Even at a relatively high impedance, the infinite primary calculation results in >200kAIC available at the multiple service switches.
I thought I may have seen certain fuses rated at 300kAIC, but never a switch to hold them rated that high.
Anyone know of service rated switches, 4000A, that are >200kAIC?
I really would prefer switchgear breakers for this application, but I can't find any of them >200kAIC either.
 

steve66

Senior Member
Location
Illinois
Occupation
Engineer
I don't know of any gear rated higher than 200KAIC, but two suggestions:

Tell the utility you are doing an arc flash analysis.

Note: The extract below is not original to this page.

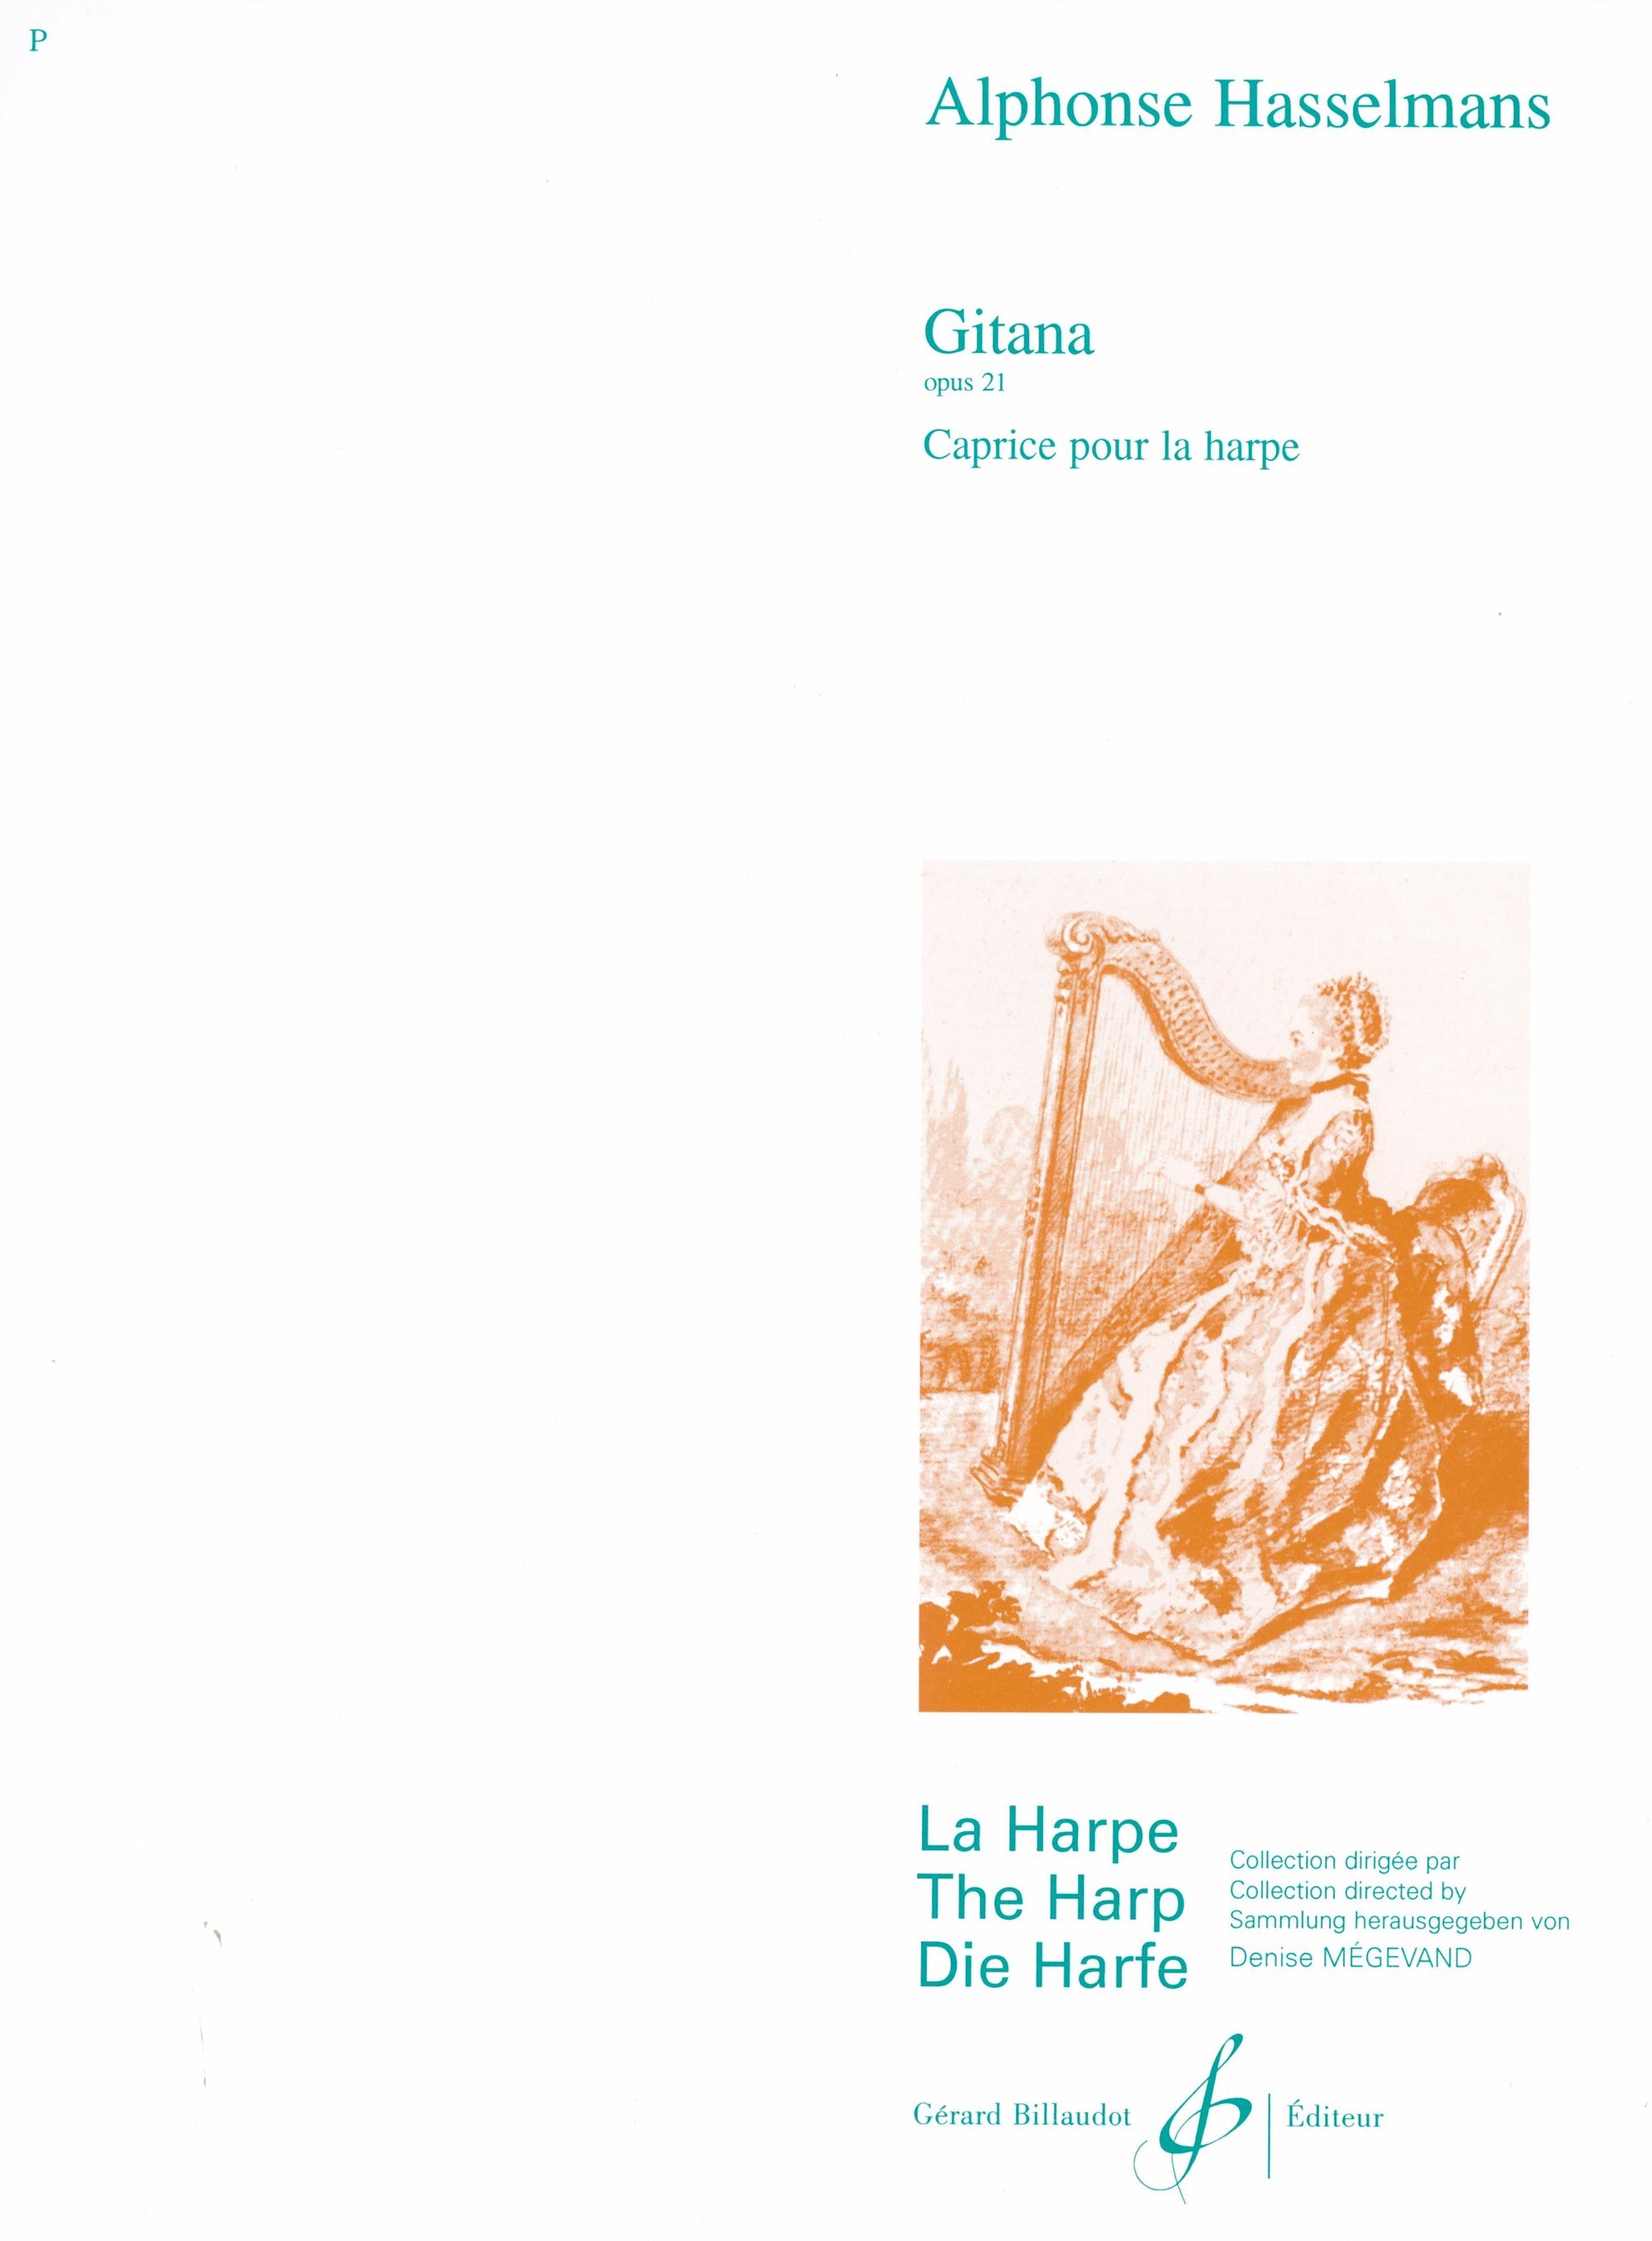 Hasselmans: Gitana, Op. 21

Then they might give you a more realistic estimate of the fault current at the primary.

Or, get the data on the primary feeders for the transformer and the distance to the closest substation (or the next connection, if other customers might have loads that contribute to the fault current.) Then assume infinite current available at that end or the wire, and start your calculation there. That should reduce the fault current a little.

Steve
 

bob

Senior Member
Location
Alabama
Ron
I know that NY has an extensive UG network. What is the primary voltage
and are the transformers grouped close together?
 

kingpb

Senior Member
Location
SE USA as far as you can go
Occupation
Engineer, Registered
ron said:
Designing a new service entry in NYC. The utility company (Con Ed) refuses to give valid fault current available values for the primary of the service transformers, and states that an infinite primary calculation should be used.
(6) 2500kVA, secondary voltage=480V utility transformers in parallel.
Even at a relatively high impedance, the infinite primary calculation results in >200kAIC available at the multiple service switches.
I thought I may have seen certain fuses rated at 300kAIC, but never a switch to hold them rated that high.
Anyone know of service rated switches, 4000A, that are >200kAIC?
I really would prefer switchgear breakers for this application, but I can't find any of them >200kAIC either.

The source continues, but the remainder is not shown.